Now it was Jane’s turn to scoff again. “He would.”
“But enough of the trinket, Beatrice,” interrupted Anna. “What happened then?”
“Elizabeth was well pleased.” I returned to my tale, my voice still mild, as if I were recounting the events of a distant cousin’s birthday. “And so, to thank Alasdair properly, she canceled my betrothal. That would have been the last of what you saw, I think, Sophia?”
Sophia nodded. “You stood as pure as ice in the wake of her announcement, betraying no emotion. You were magnificent, Beatrice. I do not think I would have been able to stand so strong.”
I quirked my lips at her loyalty. “I doubt you’ll ever need to do so,” I said. “But I confess I was not fully paying attention, after her first words registered. She dismissed you all?”
“Yes. You smiled your acquiescence, and she clapped her hands and dismissed everyone, saying that she wished to speak with you alone.”
I raised my brows at this. How had I missed such a command?
“Alasdair went first,” Sophia said. “But by the time I reached the corridor, he was gone, and only Cecil and Walsingham were walking away, their heads together, discussing something I could not hear. I rather thought it was the relic, and not the agreement with the MacLeods, but I have no proof of that. I waited, briefly, to see if Al
asdair would return, but the guards were eyeing me strangely, and I did not wish to appear to be eavesdropping.”

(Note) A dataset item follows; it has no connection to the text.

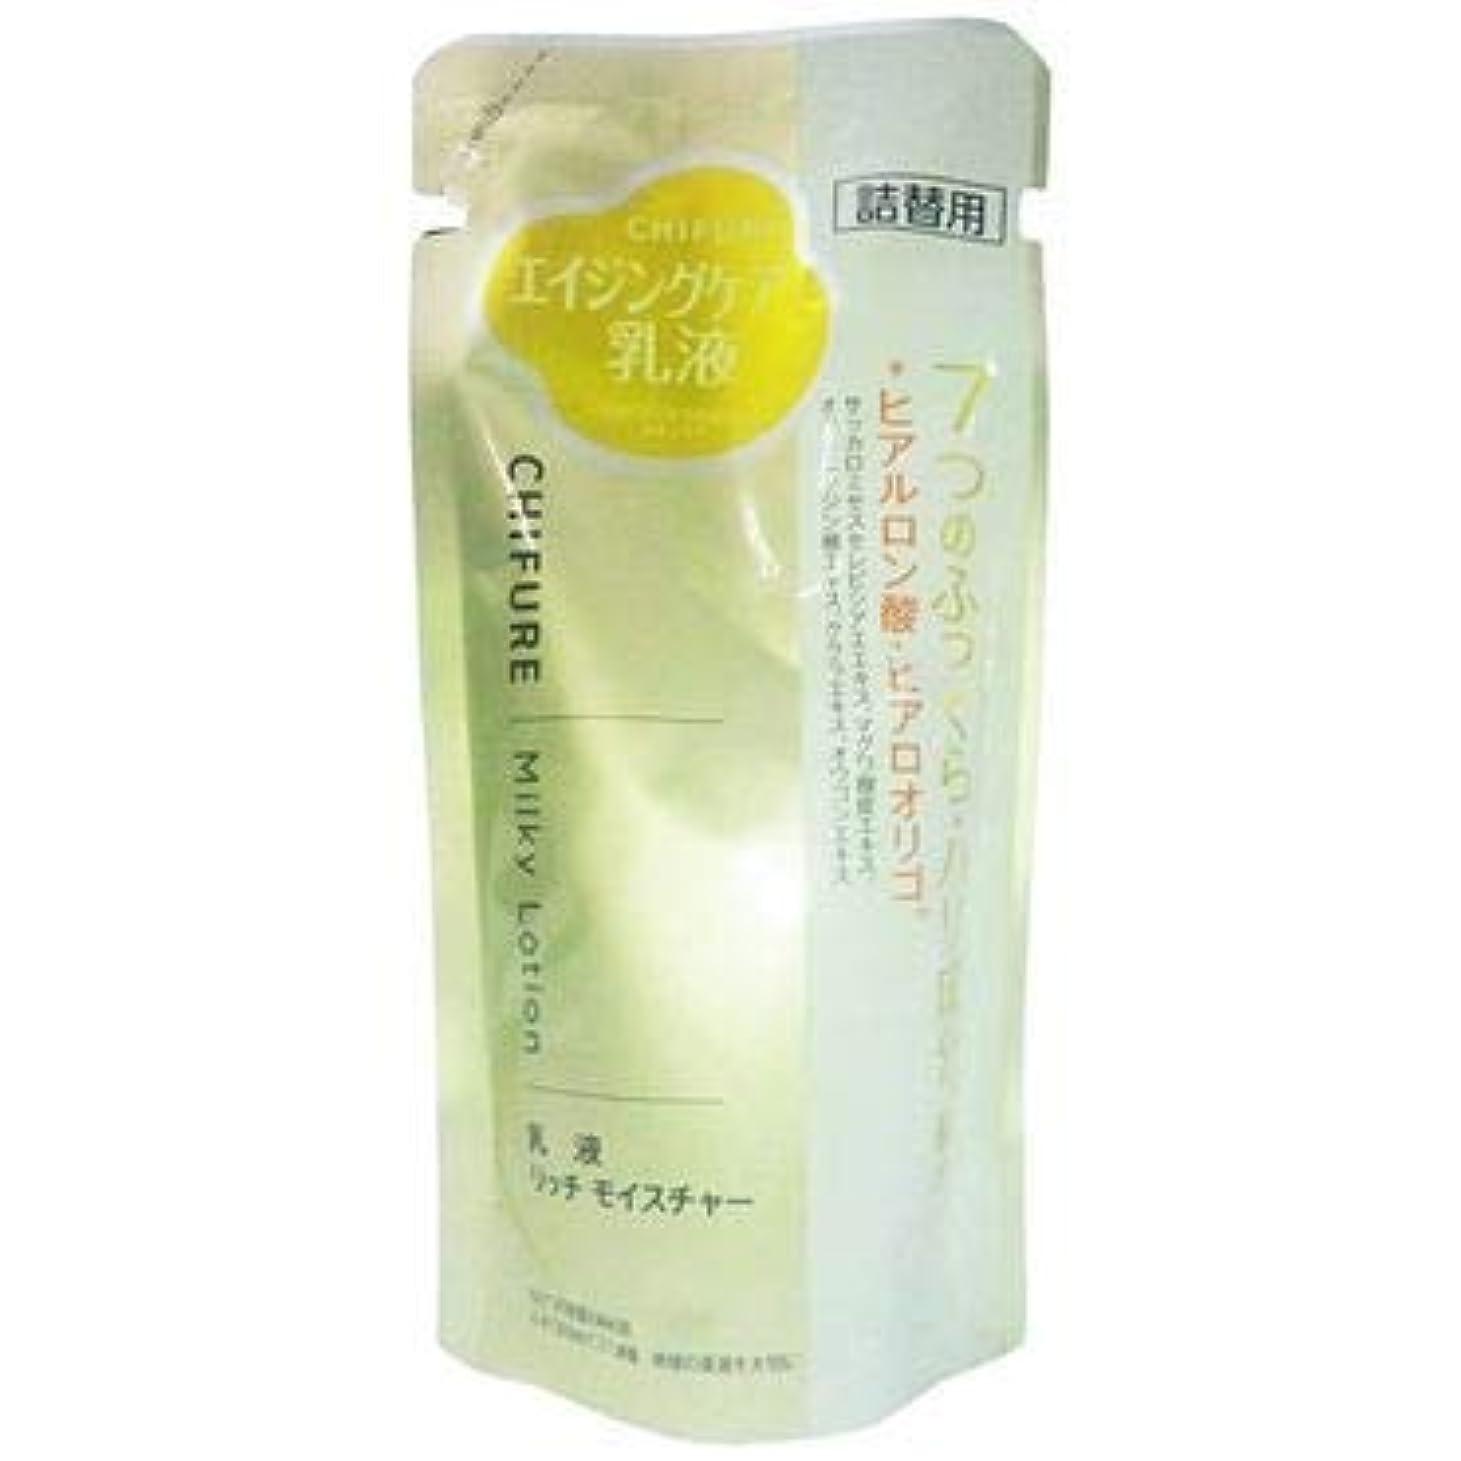 換気するジョイント偽装するちふれ化粧品 乳液 リッチモイスチャータイプ 150ml (詰替)
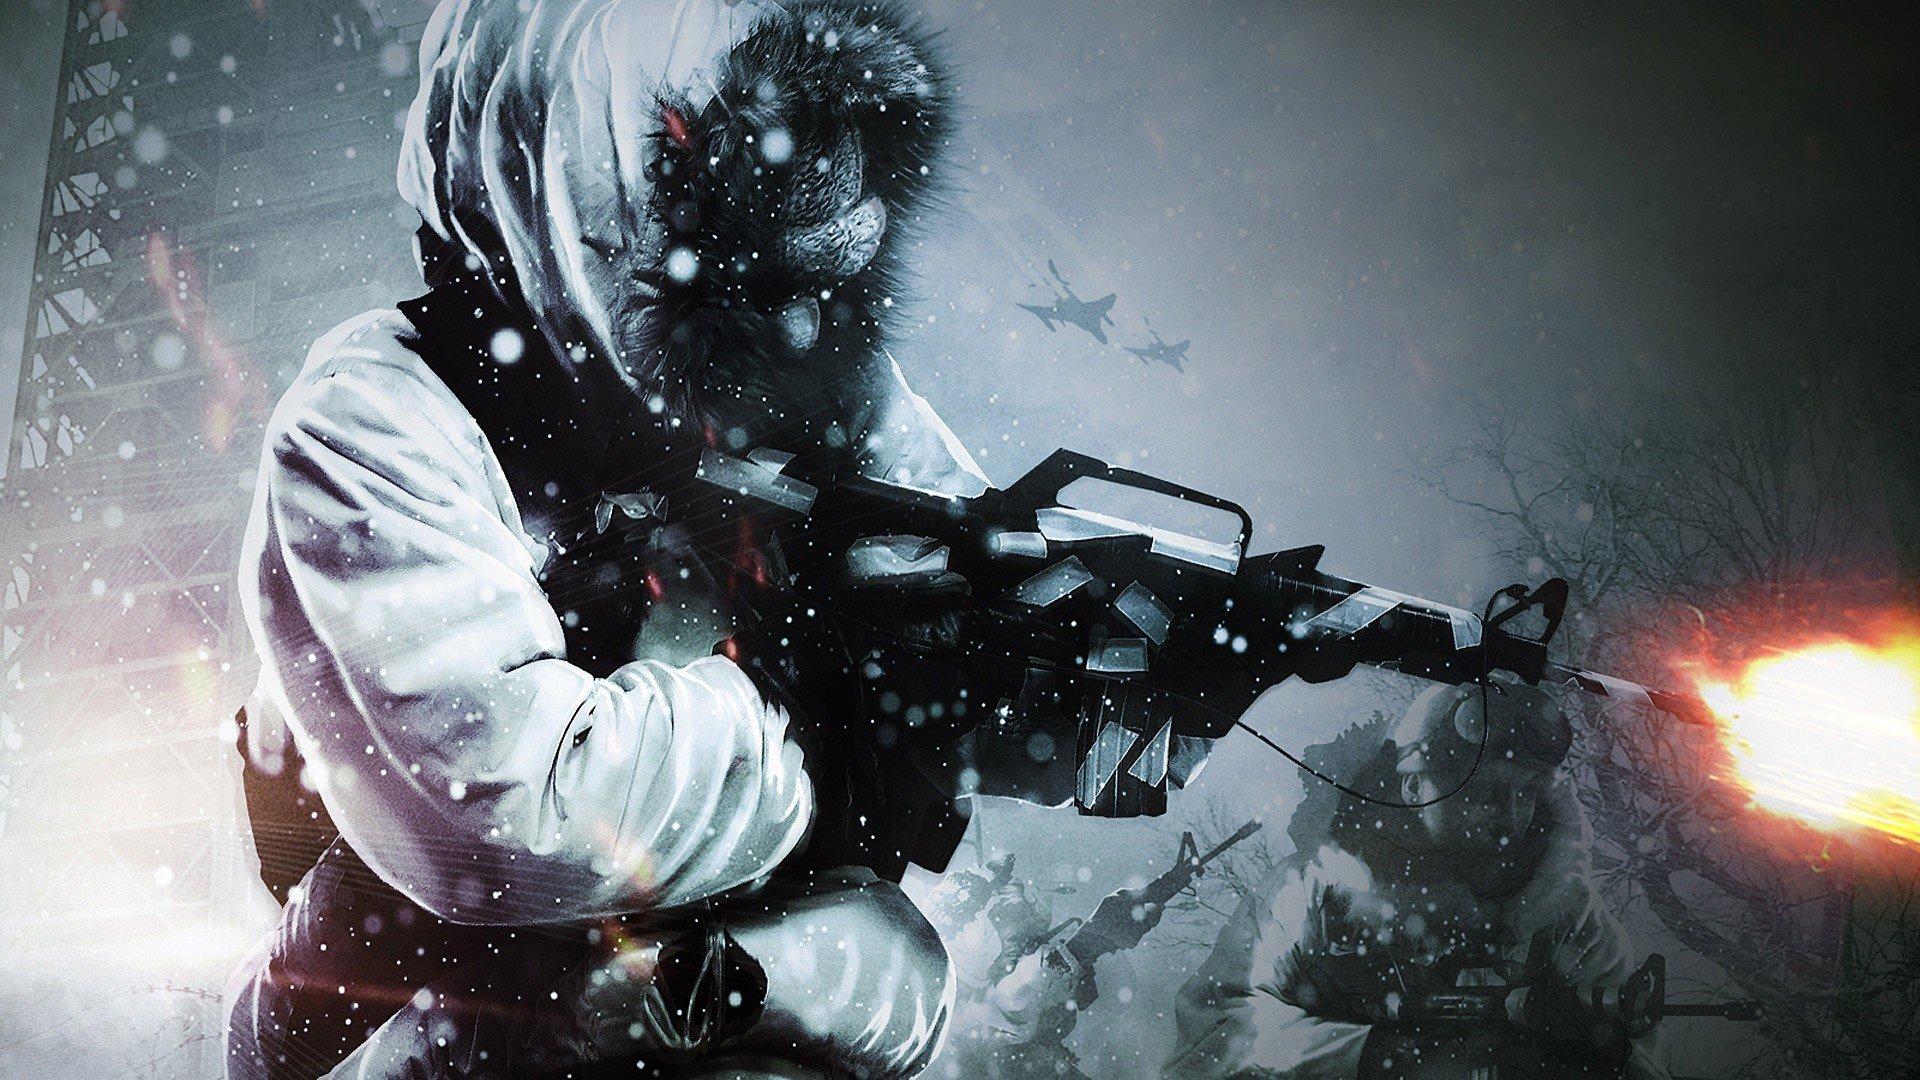 《使命召唤7:黑色行动》去除片头动画补丁

I nodded. “That was wise of you.” Sophia had enough issues without drawing the attention of the Queen’s guard.
I shook myself, realizing that I now stood in my thin shift, and settled down upon my pallet. “And that’s really the whole of it. The Queen proceeded to tell me, once we were alone, that she was well pleased with the day’s events, that I had done well, and that she would find a proper match for me after the story had fled the tongues of her courtiers. Probably in Londontown, when we return there for the winter.”
Meg snorted, a decidedly unladylike noise. “What is her fascination with seeing you wed?” she asked. “I should think you would be done with men and marriage for at least another few years.”

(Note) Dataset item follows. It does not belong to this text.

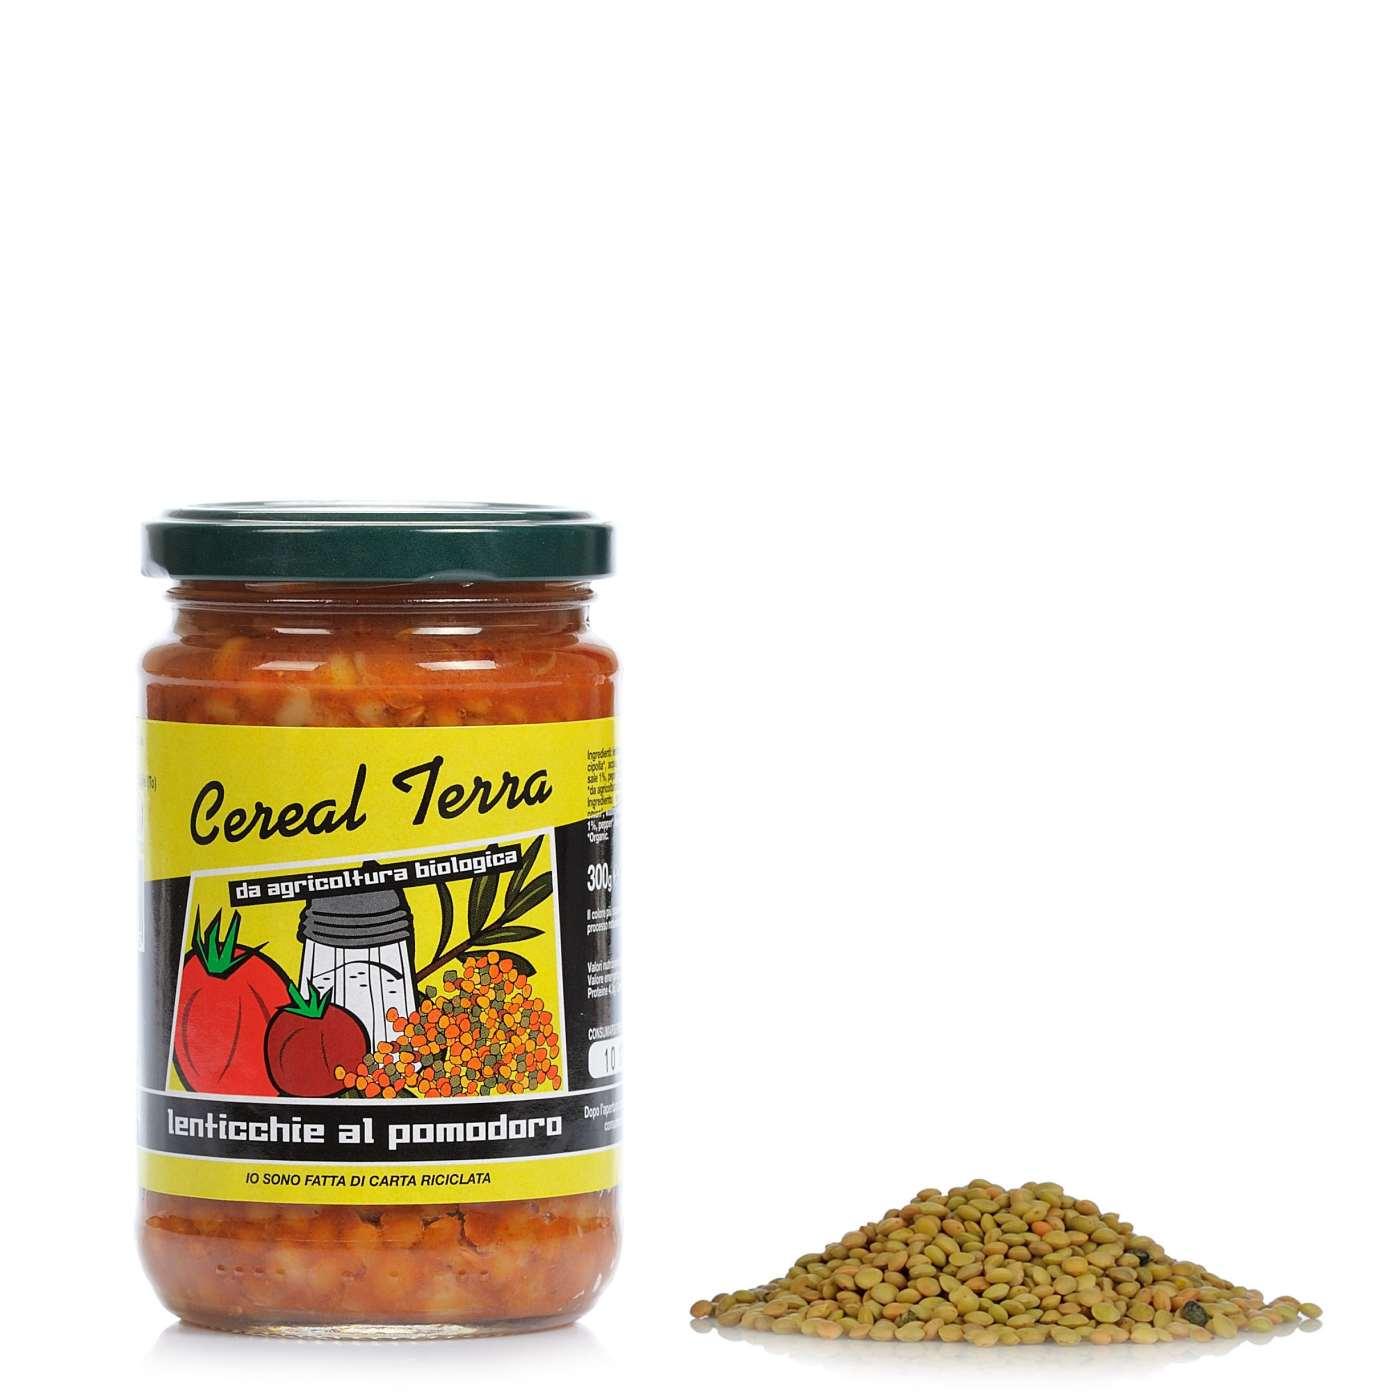 Cereal Terra Zuppa di Lenticchie e Pomodoro 300g

I smiled, but of course Meg did not know the whole of my requirements. Despite my father’s assertion to Lord Cavanaugh that our family had more gold than we could ever want, I knew the truth. Marion Hall still needed money more than I needed a respite from the machinations of court. We needed a stable marriage to someone with a title and land of his own, far away from Northampton. With the security of a decent marriage, my family would remain safe, my servants would not starve, and my secrets would be kept.
Even freed from Cavanaugh, I was not free.

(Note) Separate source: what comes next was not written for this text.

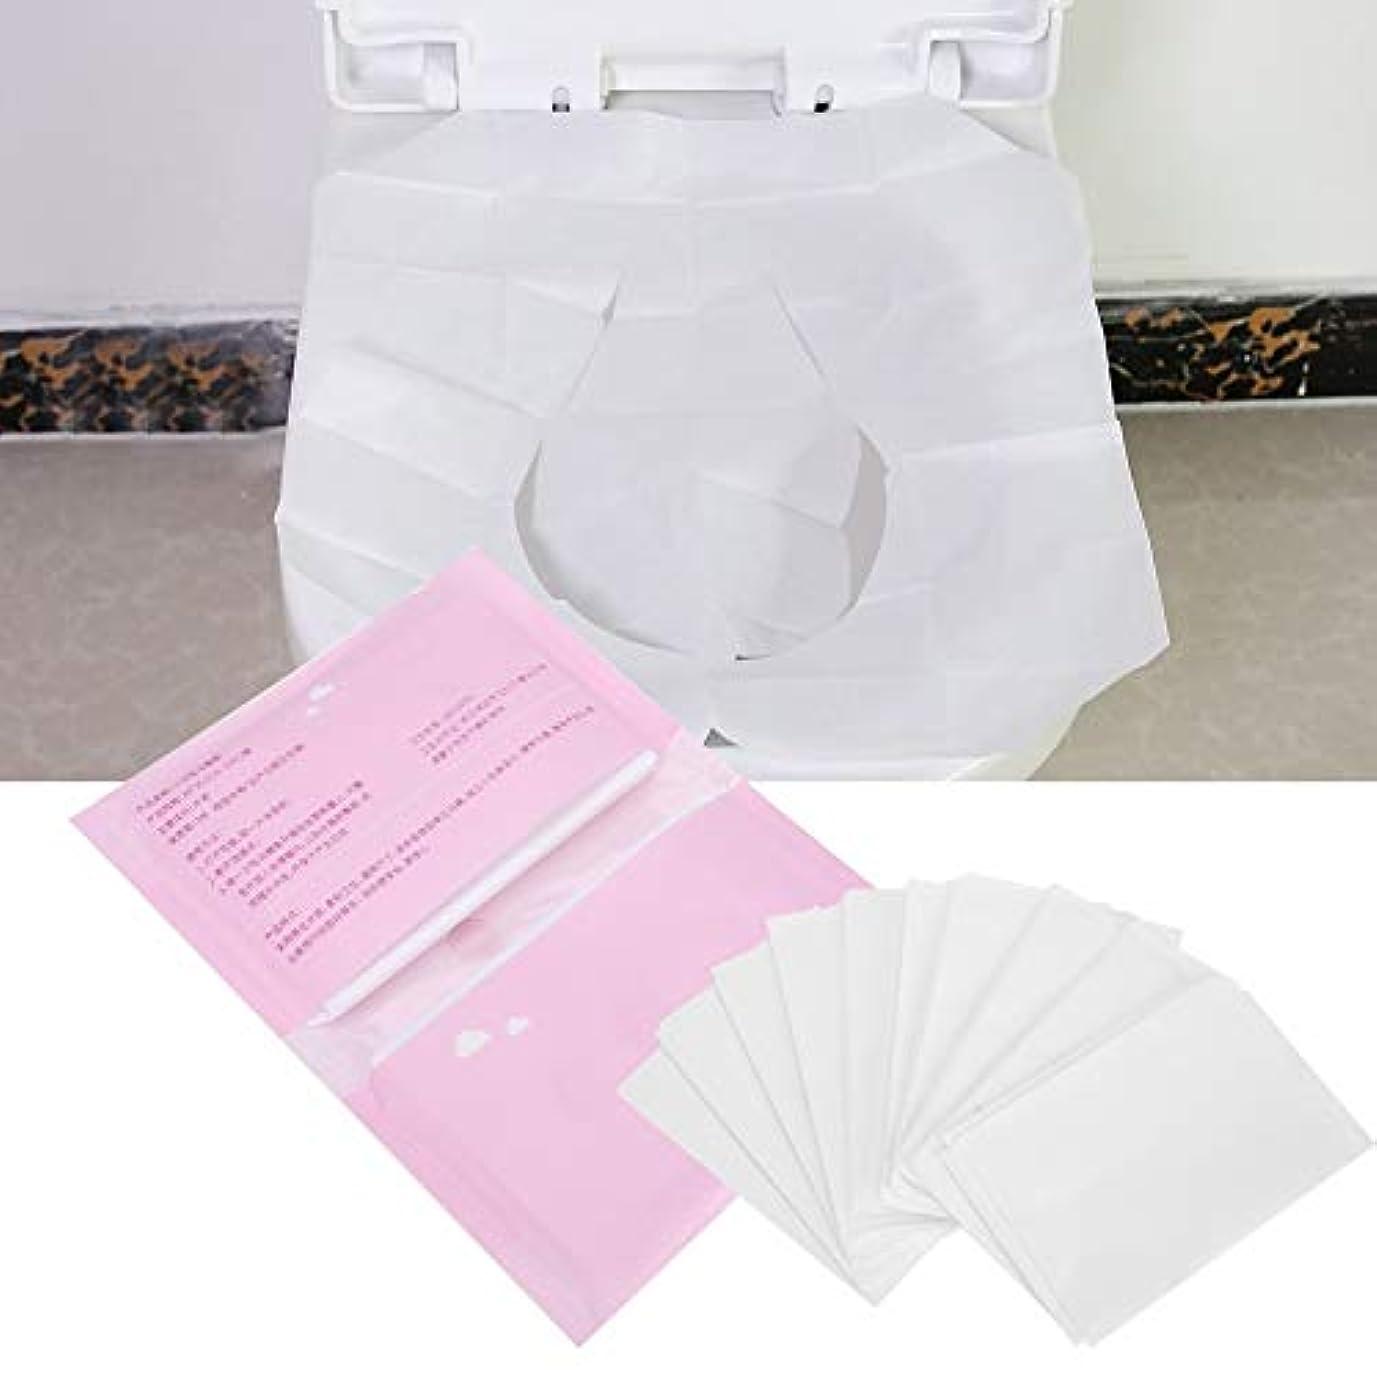 トイレットシートペーパー、旅行のための5つの袋の使い捨て可能な分解可能なトイレットペーパーペーパー、10pices / bag

“But what of Alasdair?” It was Sophia who spoke now, her voice strange in the darkness, like that of an ephemeral sprite. “Surely I did not imagine his affection for you. It was plain in his eyes from the moment he set foot in the Presence Chamber all those weeks ago!”
I laughed, but not unkindly. Sophia, for all her odd ways, had always been treated as special. She was beautiful, of course, but I suspected that even before her gifts had begun to manifest, there’d been a fantastical nature about her, a sense of a being who was not entirely of this world. The glances cast at her would at times be cruel and at times simply curious, but there was also a wonder to them, and even a hope, that something so lovely and mysterious could be living among us ordinary people.